Stored data entries:
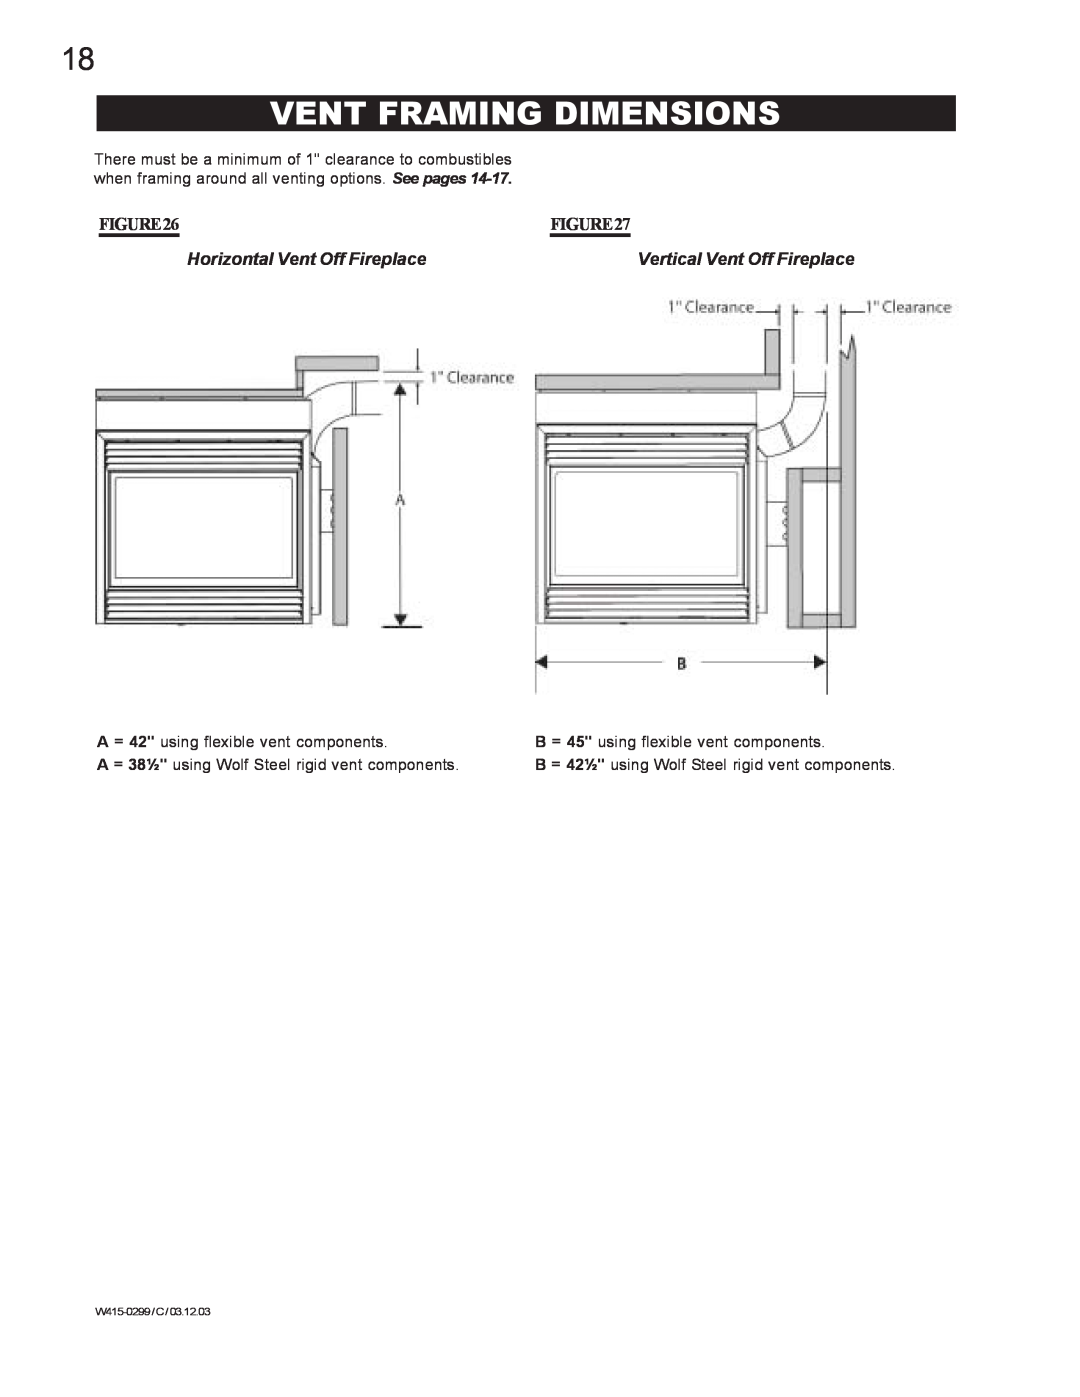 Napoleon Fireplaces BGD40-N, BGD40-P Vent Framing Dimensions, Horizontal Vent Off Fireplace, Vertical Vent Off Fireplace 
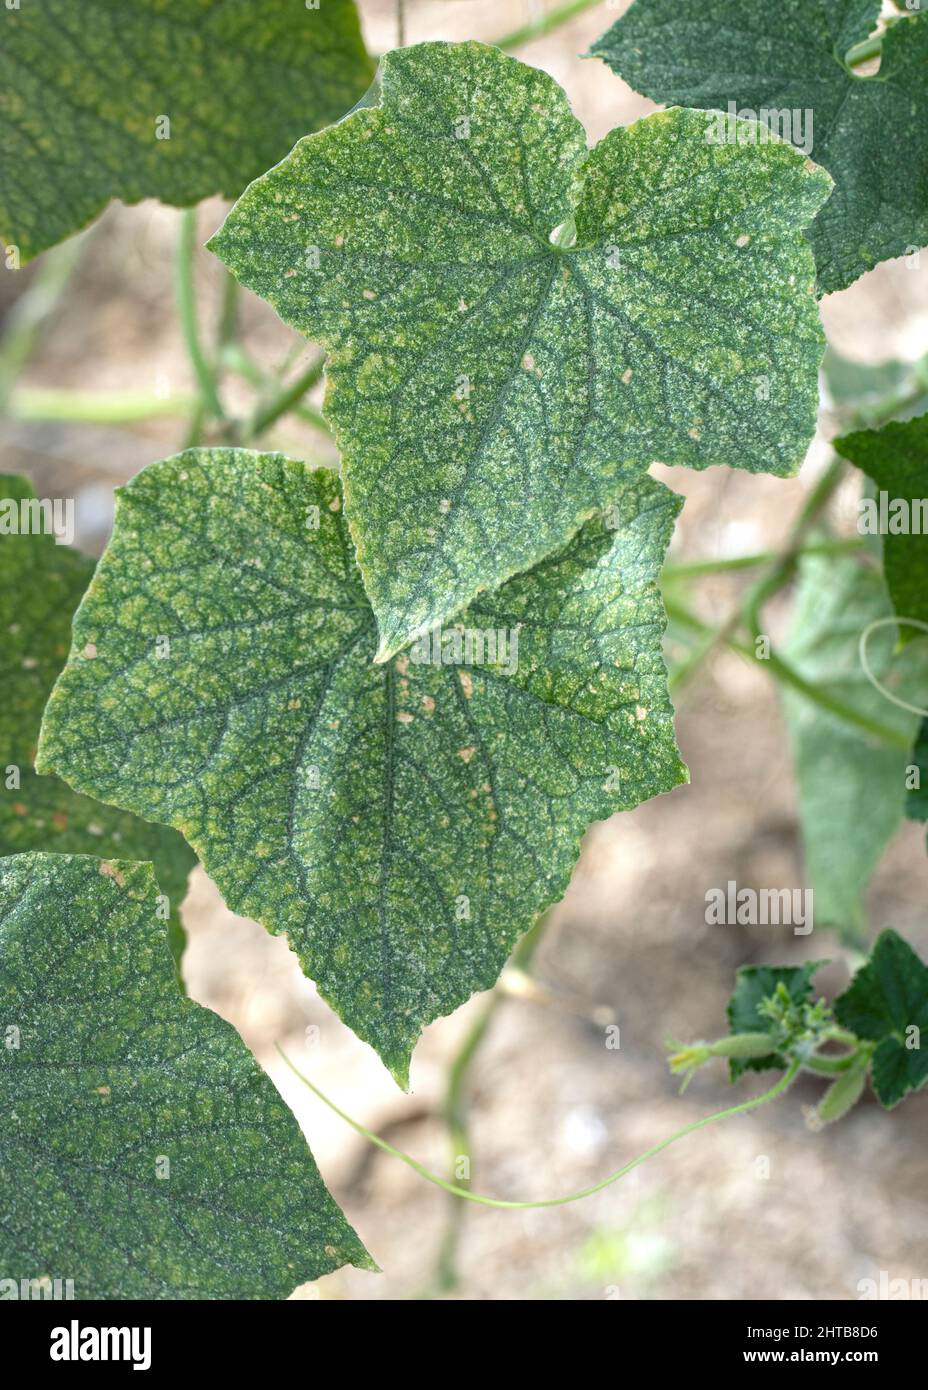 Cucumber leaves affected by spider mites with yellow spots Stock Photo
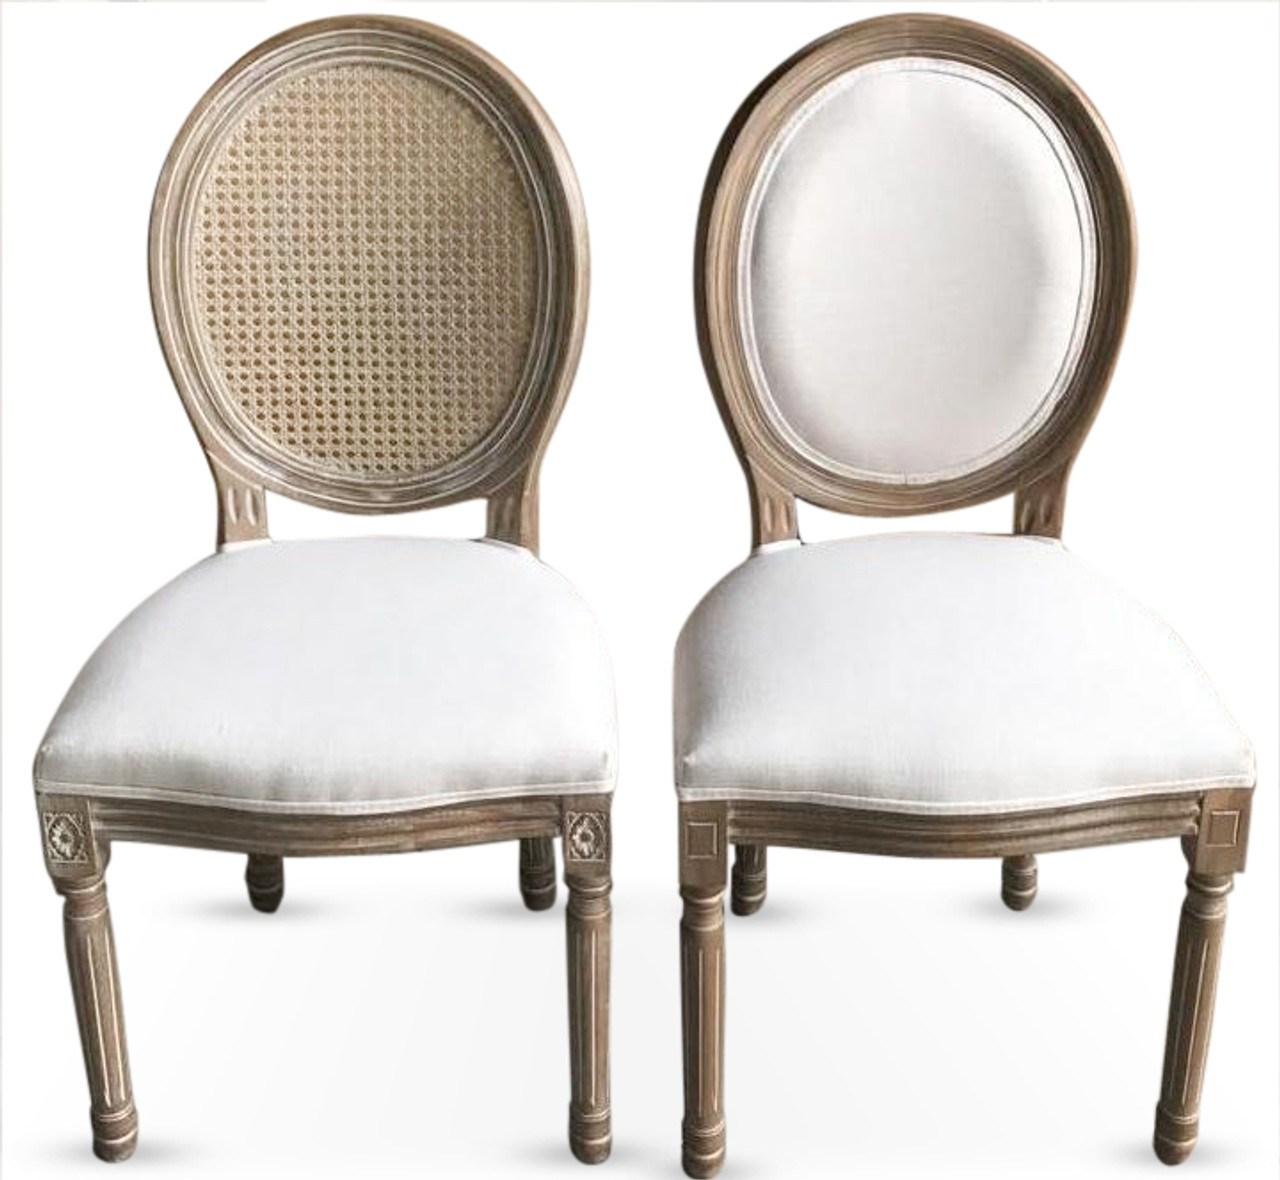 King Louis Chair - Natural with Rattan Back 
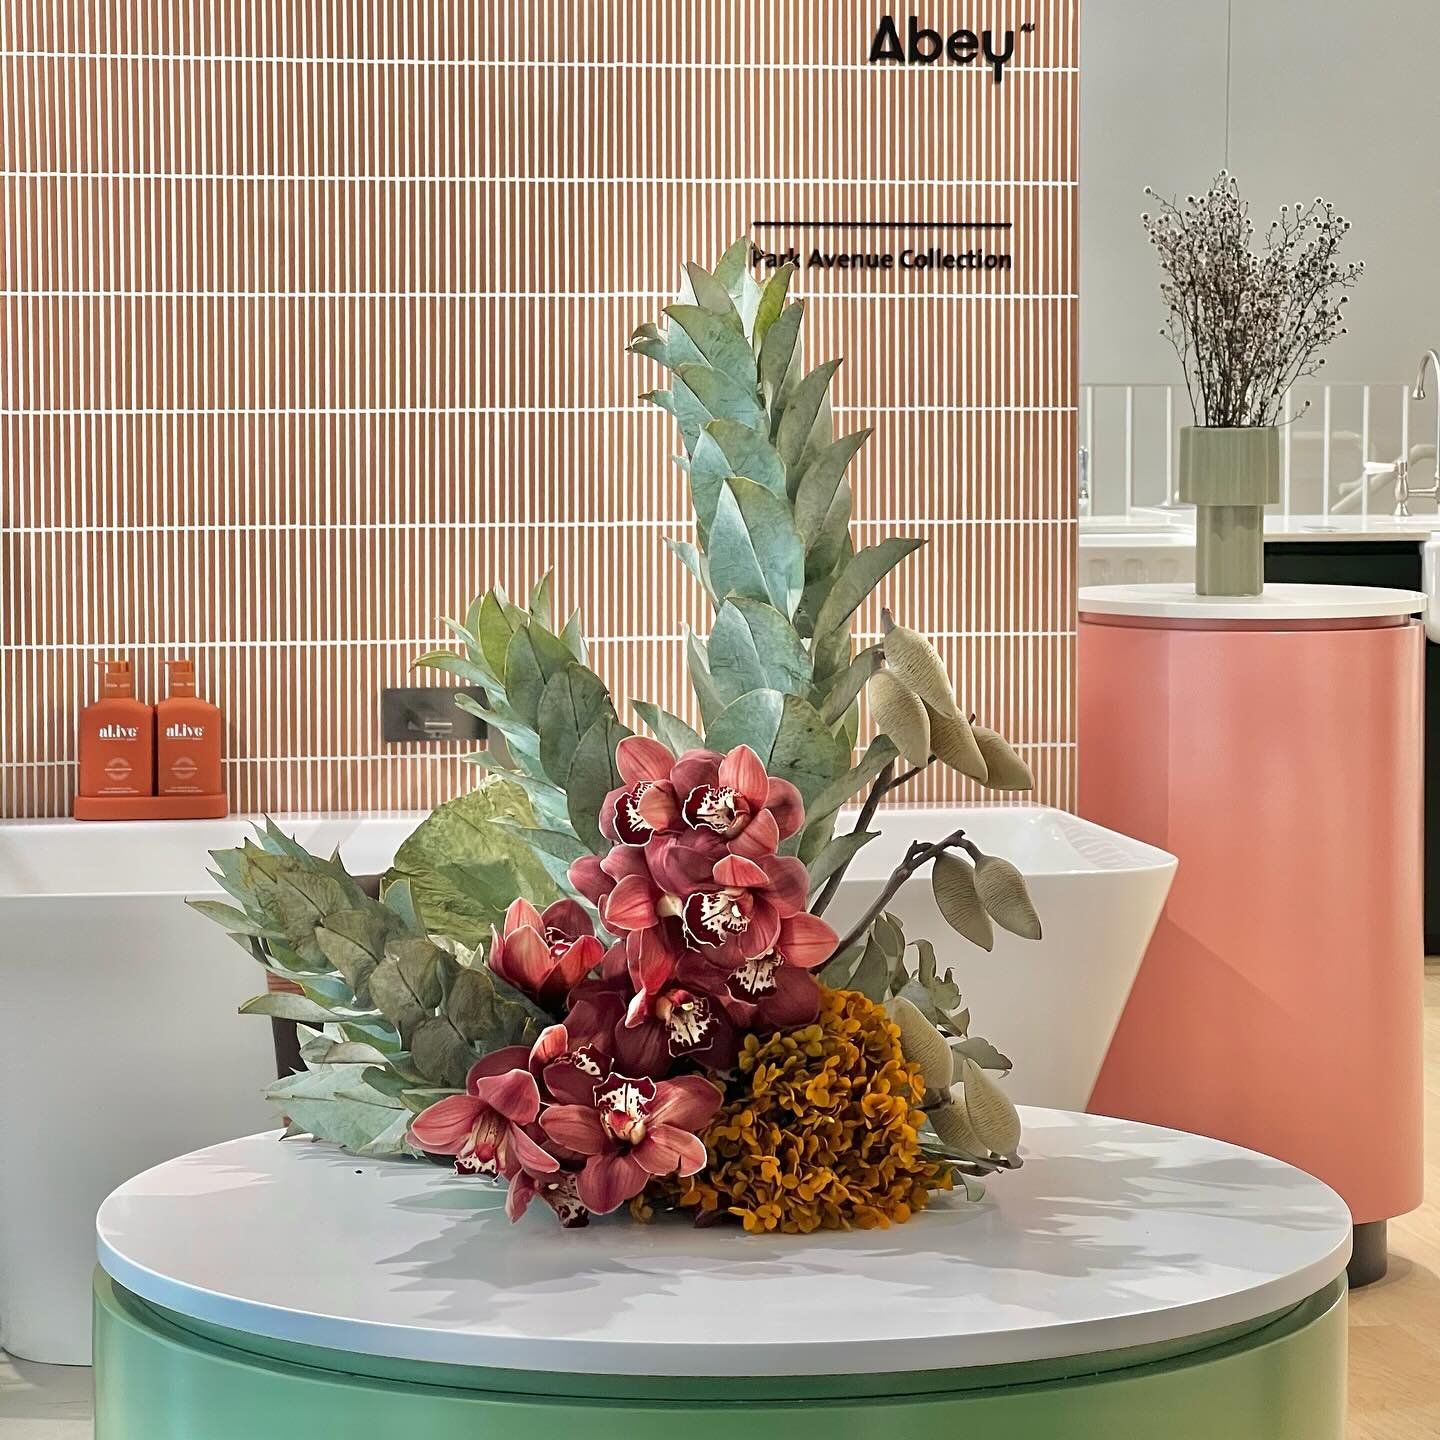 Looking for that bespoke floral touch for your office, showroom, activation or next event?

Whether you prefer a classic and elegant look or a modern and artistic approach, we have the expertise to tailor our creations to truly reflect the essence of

Work instruction:
From the line with "King Louis Chair - Natural with Rattan Back" down to the final line of the entries above, repeat each line exactly; omit the pictures.

Response:
 King Louis Chair - Natural with Rattan Back 
 Looking for that bespoke floral touch for your office, showroom, activation or next event?

Whether you prefer a classic and elegant look or a modern and artistic approach, we have the expertise to tailor our creations to truly reflect the essence of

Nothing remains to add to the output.